La miré sin decirle nada, pensando que aquella celestial mujer iba a volverme loco. Reconocíame yo incapaz de comprender la sublimidad de mi futura, si sublimidad era el matarme a trabajos antes de concederme su mano valiosa. Ardiendo en impaciencia por saber en qué pararían aquellas bromas, o tristísimas veras, le supliqué me dijese pronto cuál era el Séptimo. Me daba el corazón que no había de ser cosa fácil.

«Pues haciendo yo ahora de divinidad -me dijo muy seria-, sepa mi buen Hércules que obligada me veo a imponerle un trabajo de mediana dificultad, y no bien realice mi caballero este séptimo y último empeño, lo celebraremos casándonos como unos benditos. ¿Qué tienes que hacer para que ambos recibamos el premio de nuestra constancia? Pues ir adonde sea necesario para buscar y prender a Santiago Ibero y traérmele acá de grado o por fuerza, cualquiera que sea el estado en que se halle, cuerdo o loco, feliz o desgraciado, sano o enfermo...

-Aguarda un momento. ¿Estás segura de que Santiago vive?

-Me consta que vive.

-¿En dónde está?

-En Madrid estaba hace diez días. Pero no aseguro que allí permanezca. Tú, como buen Hércules, perseguidor de Aura, buscador de Zoilo, salvador mío en Oñate y en Aránzazu; tú, emisario de Espartero y confidente de Maroto, sabrás lo que tienes que hacer para descubrir a tu amigo y echarle la zarpa dondequiera que le encuentres.

-Tu idea -respondí-, es noble y atrevida, bastante seductora para tentar a un hombre como yo, adestrado ya en lances de igual naturaleza; la idea me agrada; pero permíteme que dude de su oportunidad. ¿Acaso crees que aún no he demostrado bastante que soy digno de poseerte? ¿Te hacen falta más pruebas del temple de mi voluntad y de la constancia de mis afectos? ¿O es que te diviertes haciéndome creer que quieres dar largas a nuestro casamiento para gozarte en mi martirio?

-Si yo te propusiera lo que te propongo por pura diversión, no sería quien soy, ni tampoco digna de ti. Bien probado tienes lo que vales, y mi corazón está satisfecho: con quererte como te quiere le basta para ver en ti el mejor de los hombres».

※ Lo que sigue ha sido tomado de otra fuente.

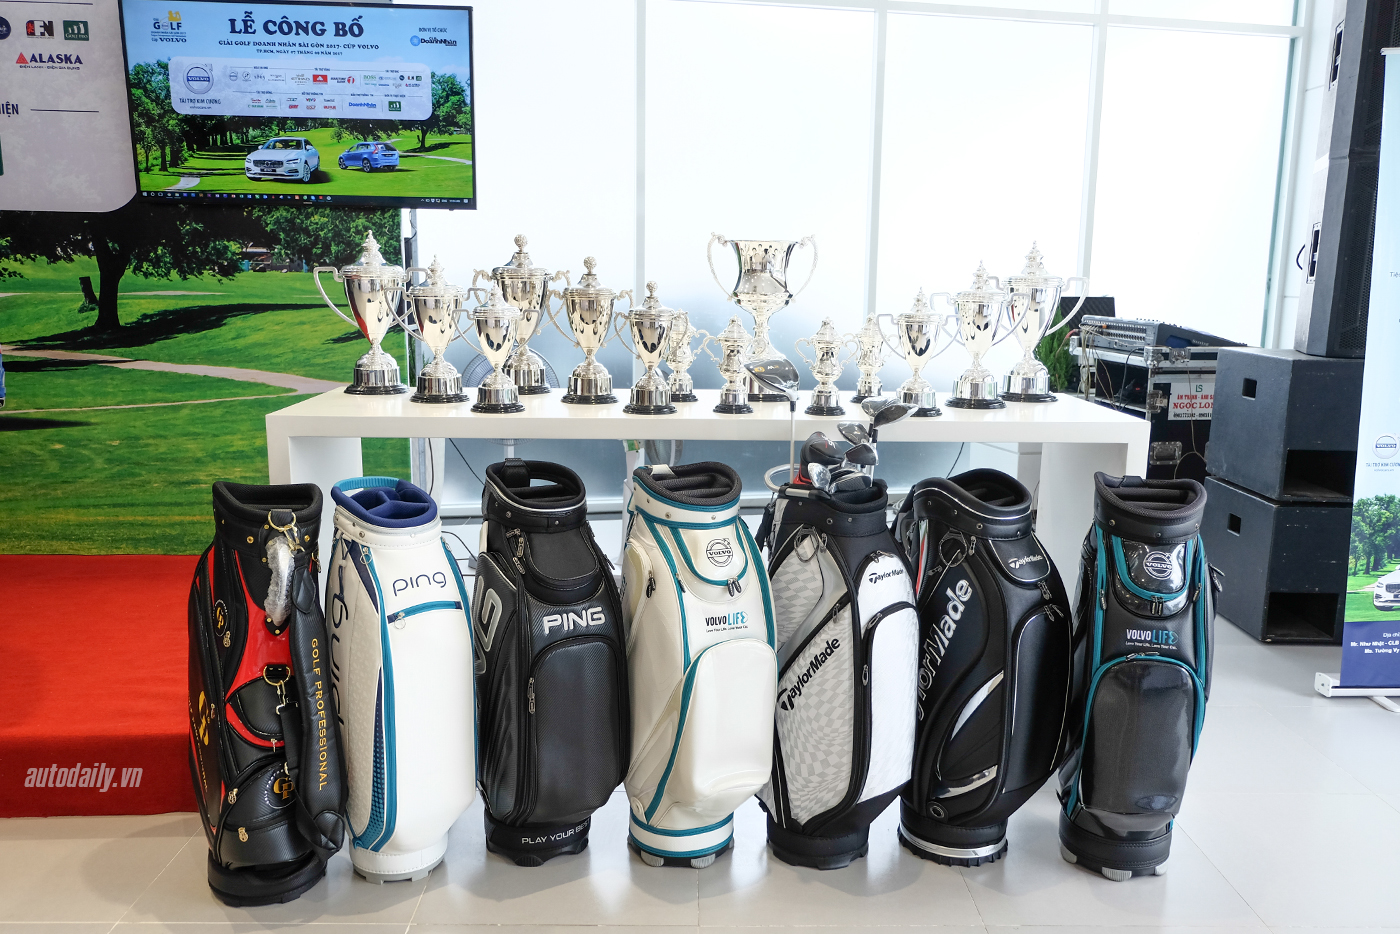 volvo-golf-cup-2.jpg

Estas manifestaciones, de cuya sinceridad no podía dudar, no disipaban mi confusión. Tan pronto creía yo que el imponer trabajos a un amante caballero obedecía ciertamente a un concepto moral muy elevado; tan pronto que no era más que un rasgo de mujer caprichosa, de imaginación exaltada y corazón frío; y aunque esto último pugnaba con la idea que yo tenía de Demetria, idea muy conforme con la opinión general, di en admitir el capricho como razón única de las heroicas pruebas. Produjo esta creencia efectos muy raros en mi espíritu, pues si al principio me turbó, no dejó de causarme un cierto regocijo: era la satisfacción crítica, el orgullo de haber encontrado un defecto en la misma perfección, que de este modo se alegran los astrónomos cuando descubren las manchas del Sol. ¡Demetria caprichosa!... ¡Qué monstruosidad! Para salir de dudas, pues aún no estaba seguro de mi crítica, explicaciones le pedí en esta forma:

«Bien veo que tu plan responde a la noble idea de catequizar a Ibero y traerle de nuevo al amor de tu hermana, para curar a ésta de su dolencia, que no es otra que un grande amor contrariado y sin esperanza. Hasta aquí vamos muy bien, Demetria; todo lo que piensas es de fácil comprensión para mí, y téngolo por natural dentro de la grandeza de tus ideas. Pero si veo bien claro el pensamiento, no se me alcanza su oportunidad. Lo natural y lógico es que habiendo yo venido aquí a casarme contigo, según el convenio que hicimos tú y yo por mediación de los Maltranas, cumplamos sin pérdida de tiempo lo que nos prometimos y por igual deseamos, porque, francamente, no veo yo incompatibilidad entre nuestra dicha y el proyecto de buscar y traer a Santiago. Habríala si el casarnos fuera operación larga; pero bien sabes que teniéndolo todo corriente, y el papelorio en regla, ese señor cura nos despachará en un cuarto de hora. Dime ahora tú si no hablo como la misma razón; dime si el plan más lógico no es éste: casarnos esta noche, o mañana, y luego partir los dos juntos, o los tres, en persecución del descarriado. Figúrate lo que voy a penar yo solo en este nuevo trabajo, sin apartar de ti mi pensamiento, temiendo que algo inesperado sobrevenga, que una desgracia tuya o mía para siempre nos separe; temblando por todo, ciego porque no te veo, triste porque no sé qué nuevas asechanzas te pondrán mañana los de Cintruénigo; lejos de ti y de mi madre, que sois mis luces y los únicos regocijos de mi alma.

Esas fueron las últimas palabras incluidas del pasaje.